Monday, September 15, 2014

Answers to Meg's 3 questions

  1. Williams highlights Uncle Tom’s Cabin as a primary example of racial melodrama. This novel was also very controversial at the time it was released (which Williams discusses). Did Harriet Beecher Stowe purposefully use melodrama to make the book even more controversial?
    • A: From the first anecdote of Stowe, which was after the book was written (after she became a celebrity), I think she might not use melodrama purposely but accidentally. When she saw the statues, she was instantly attracted by them. However, she quickly alarmed herself that this is melodrama, and she was sort of appalled by the power of melodrama. Later though, she did not think there is a really big problem with melodrama's innovative way of expression: "Without specifically taking up the defense of the term, Stowe nevertheless defends the right of an artist to break the 'classical' rules of unity and decorum even if it means 'being melodramatic'." (P11) She definitely wanted the book to be very controversial but may unconsciously utilized new and innovative elements such as pathos, and some of the elements that are melodramatic.
  2. Does the “silent” aspect of Birth of a Nation make the film more melodramatic? What do critics think?
    • A: The silent aspect did make the film more melodramatic as it leaves mission of delivering message purely on images, music, and pathos. Critics, such as Dorothy Dix states:"I had considered the moving picture interesting, instructive, amusing, diverting, beautiful, spectacular, but I had believed that the silent drama never could touch the emotions very deeply. I had thought that to grip an audience, to melt it to tears with pathos, to thrill it with high herotic sentiment, required the spoken word and the magic of human voice."But he also finds the movie an "apotheosis" of the moving picture" which can work up an audience to a "perfect frenzy". (P98)
  3. Woodrow Wilson’s “It is like writing history with lightning” quote is highlighted. In what context was this said?
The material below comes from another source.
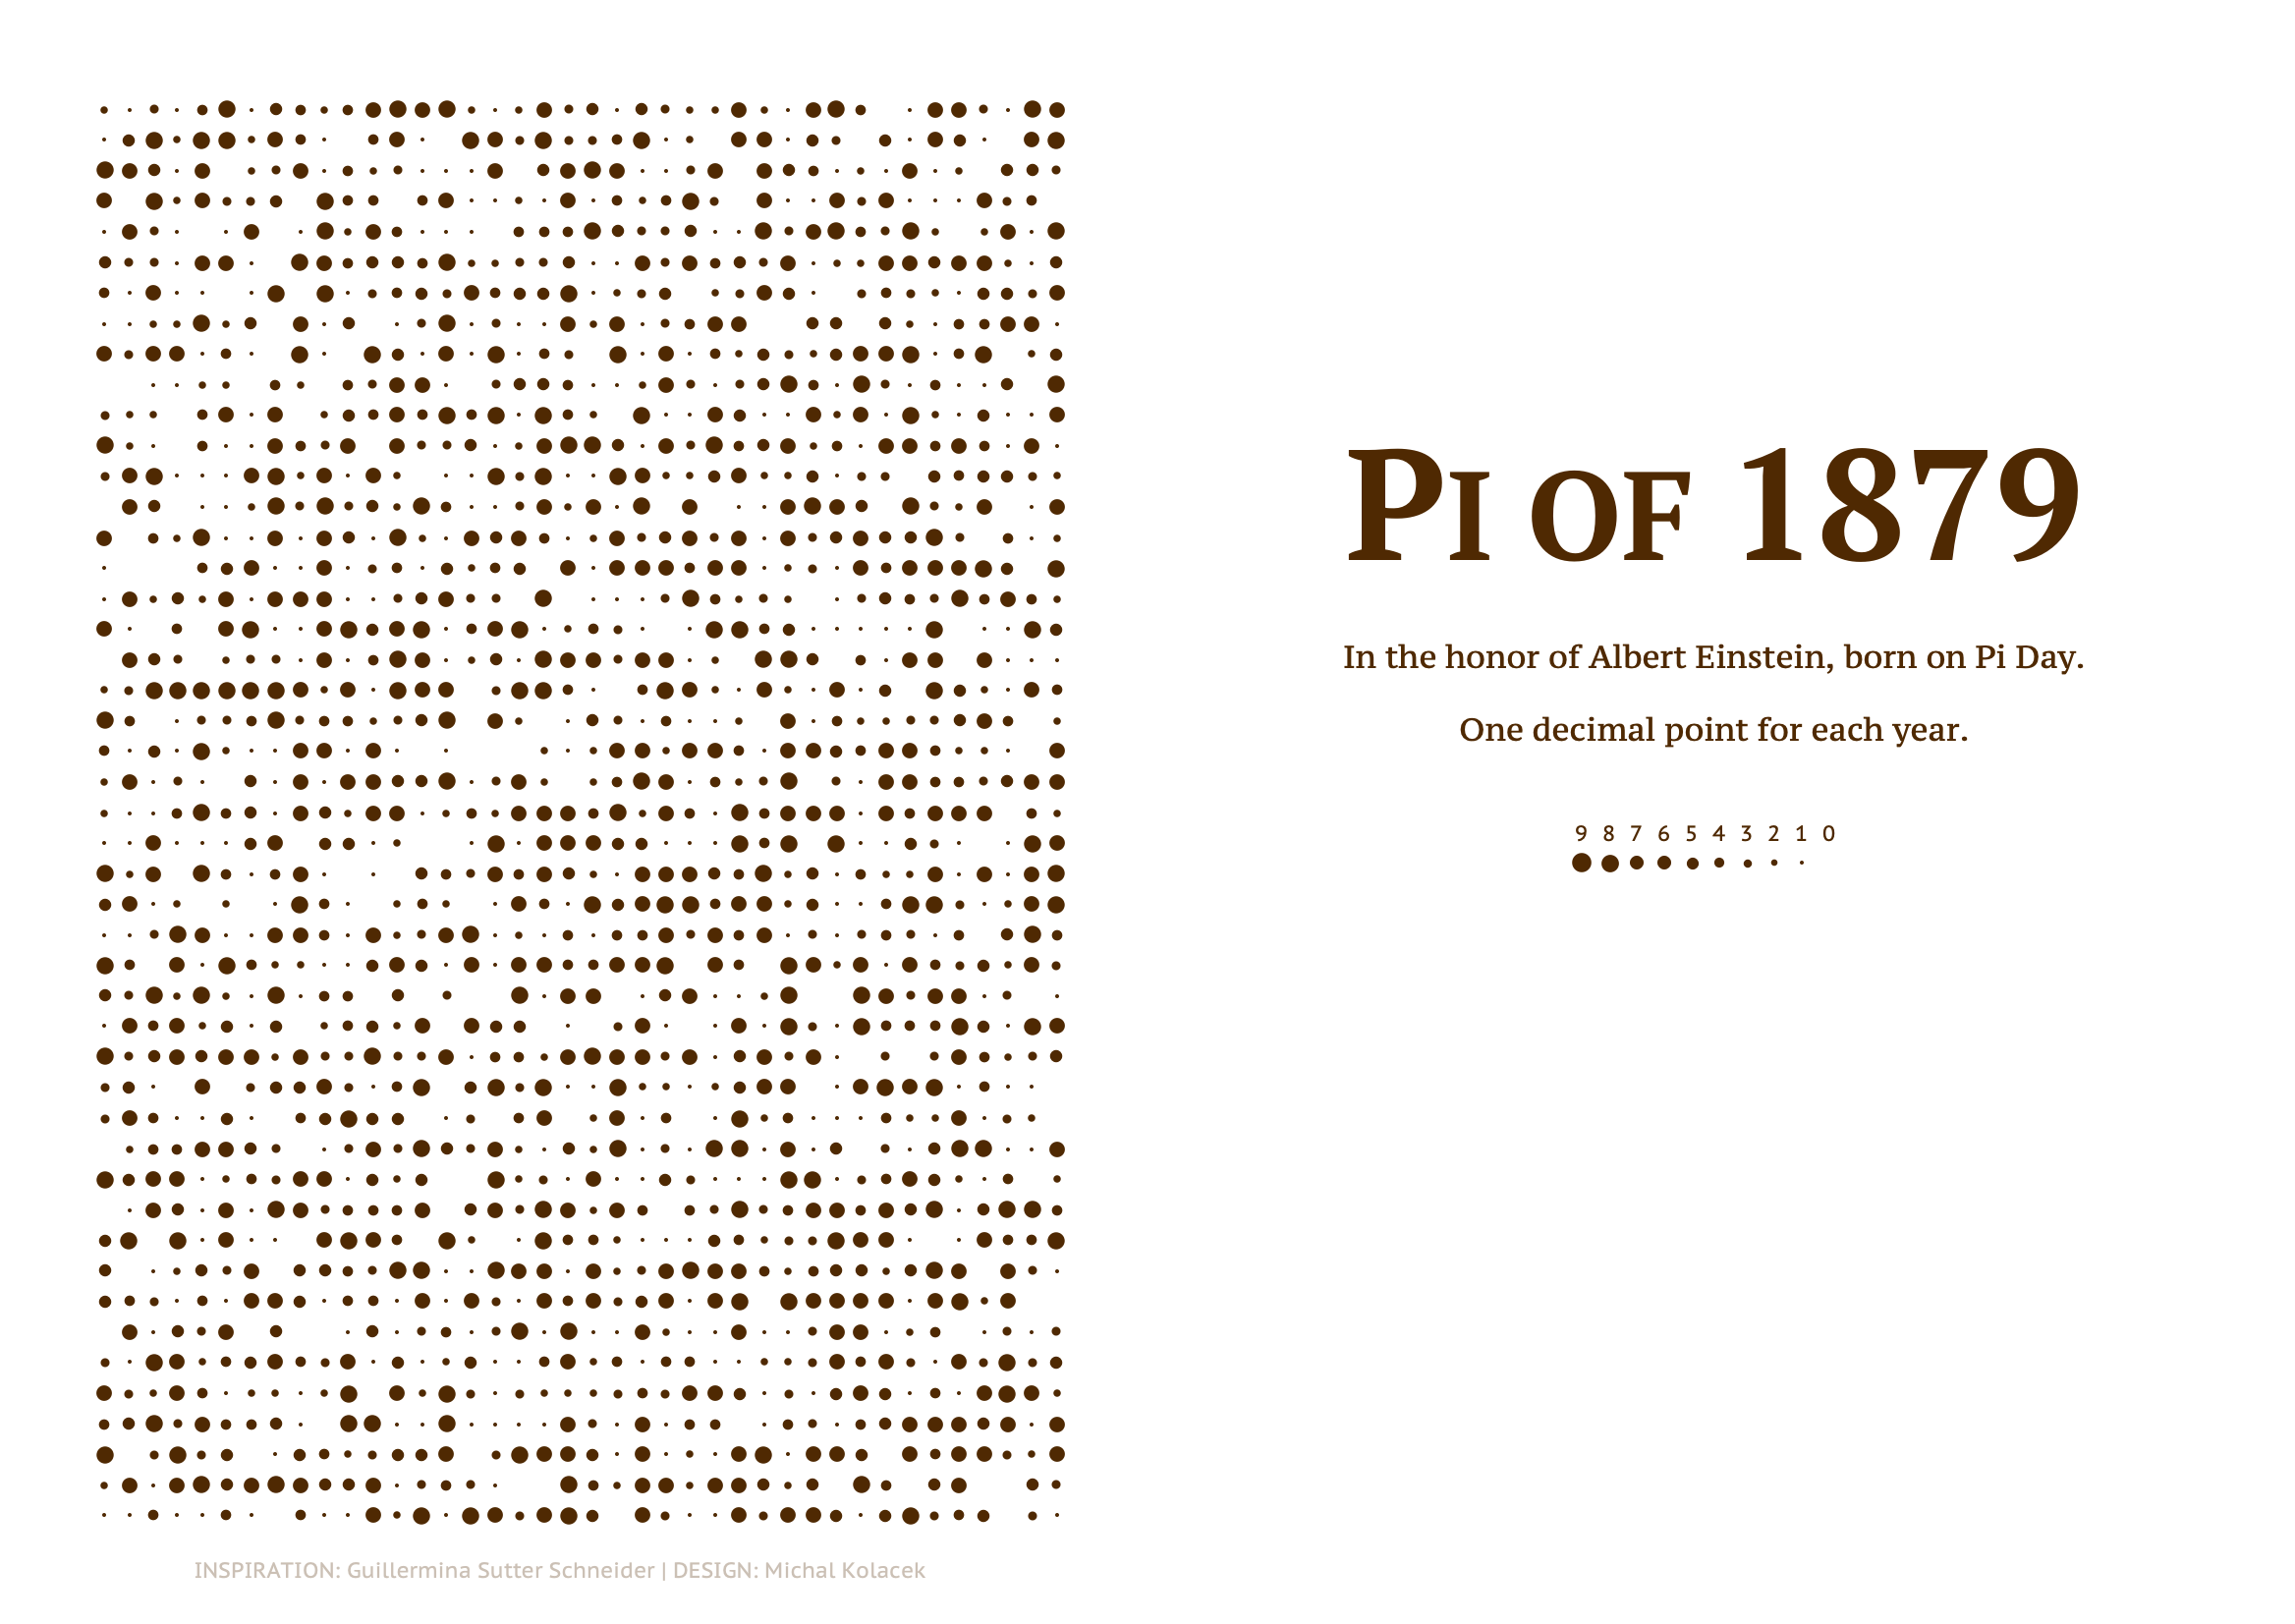 Pi of 1879
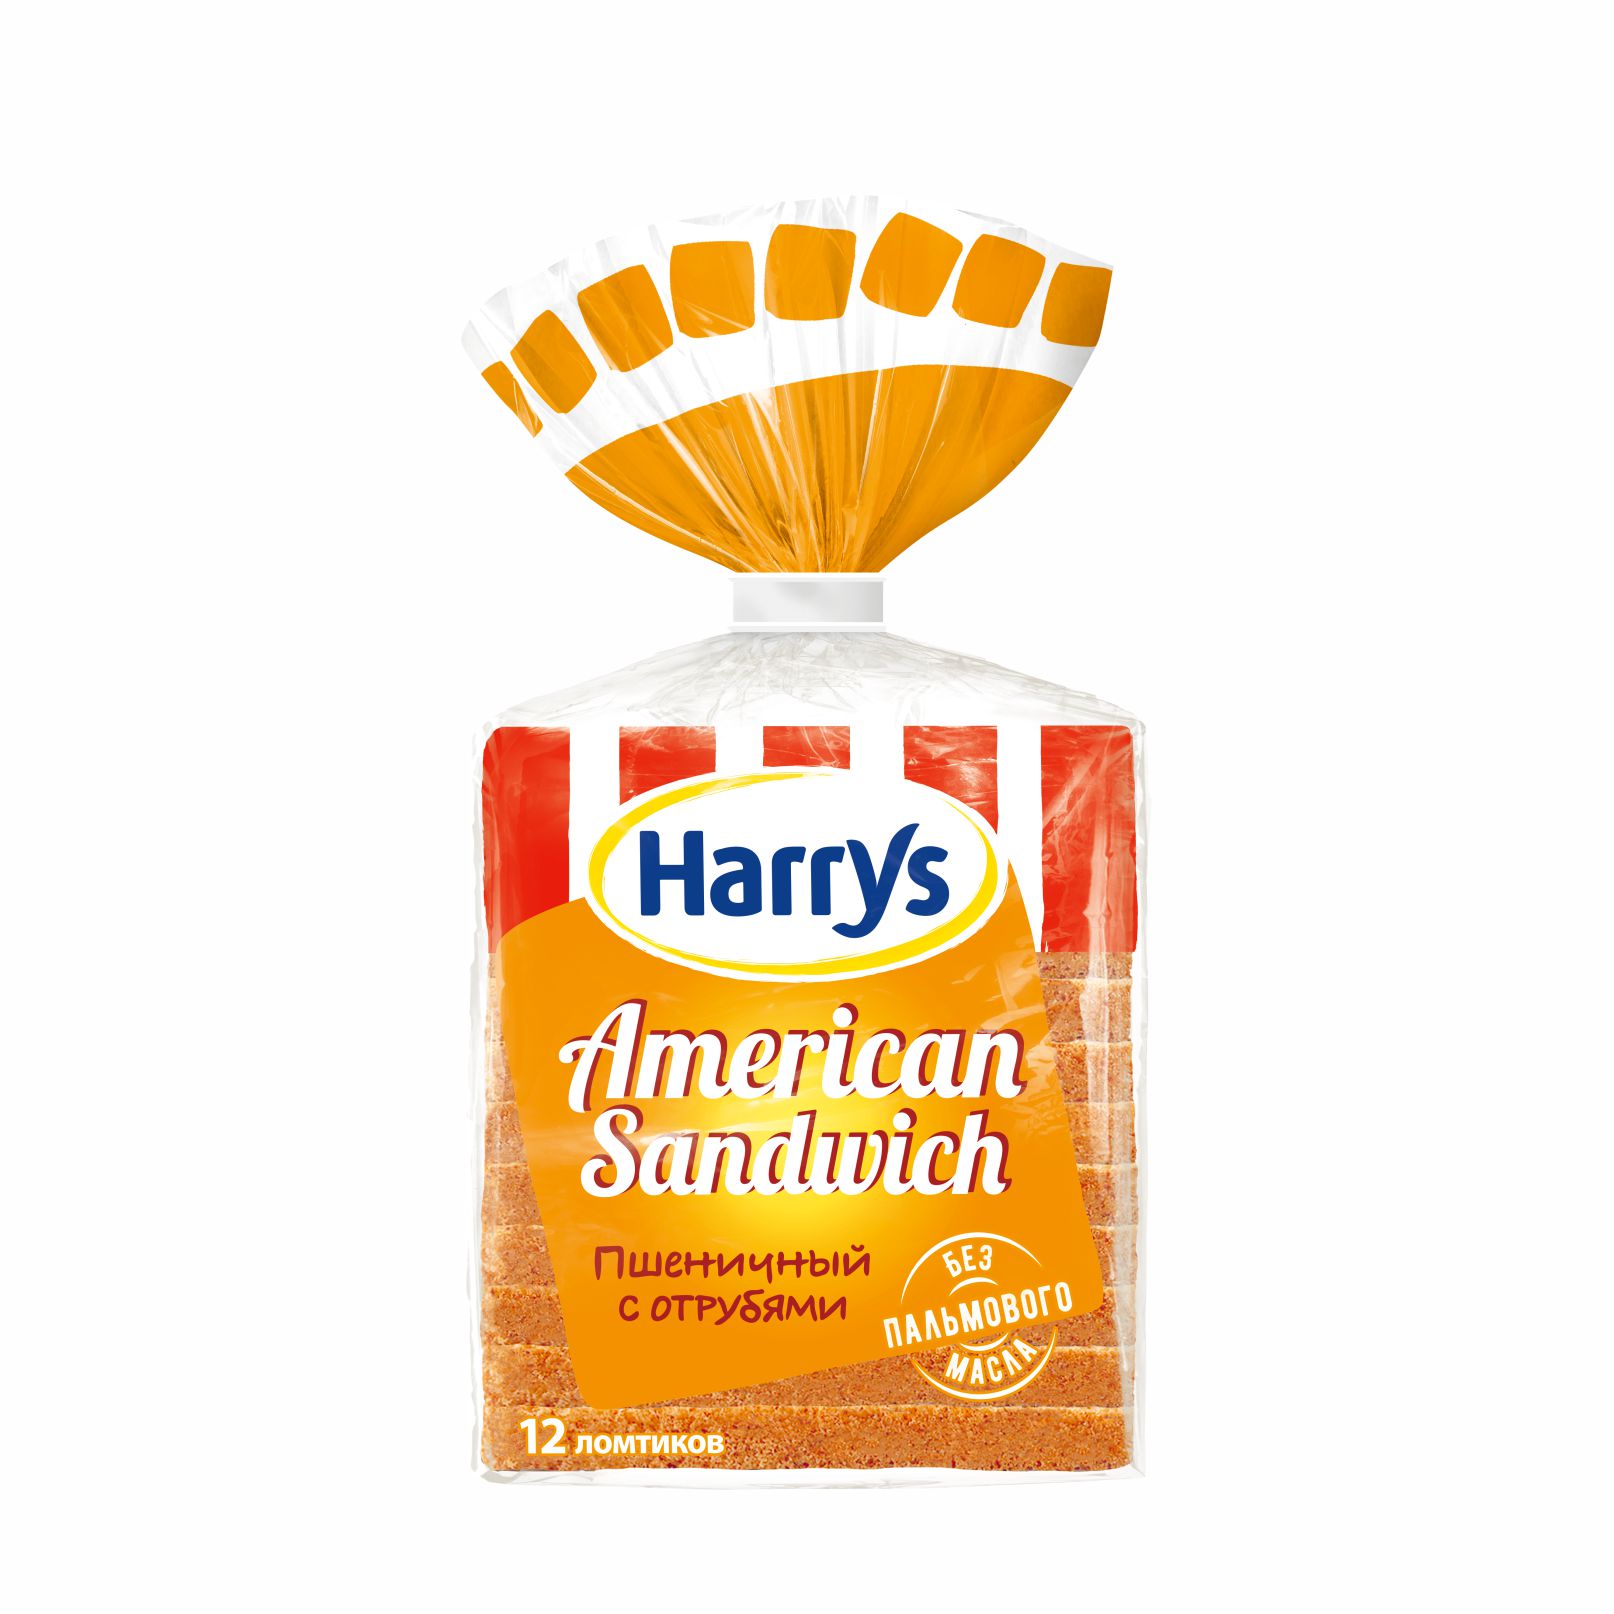 Хлеб с отрубями Harrys American Sandwich 515 г хлеб сандвичный harry s american sandwich пшеничный с отрубями 12 ломтиков 515 г

How does this apply to what we have read so far in class?
    • A: It was the "best remembered description" of the movie "The Birth of Nation." However, Williams refers to it as "apparently apocryphal". It seems that Williams believes the Birth of Nation is not a good way to portray the "truth" in history. There are different types of documents with regard to history, and an emotional aspect has its own function if not recording the history strictly. Emotional aspect of history is an social aspect of history. So far I feel Wilson's comment is fair. With the theme of class struggle, the way that melodrama raise these social issues are in ironic and humorous ways.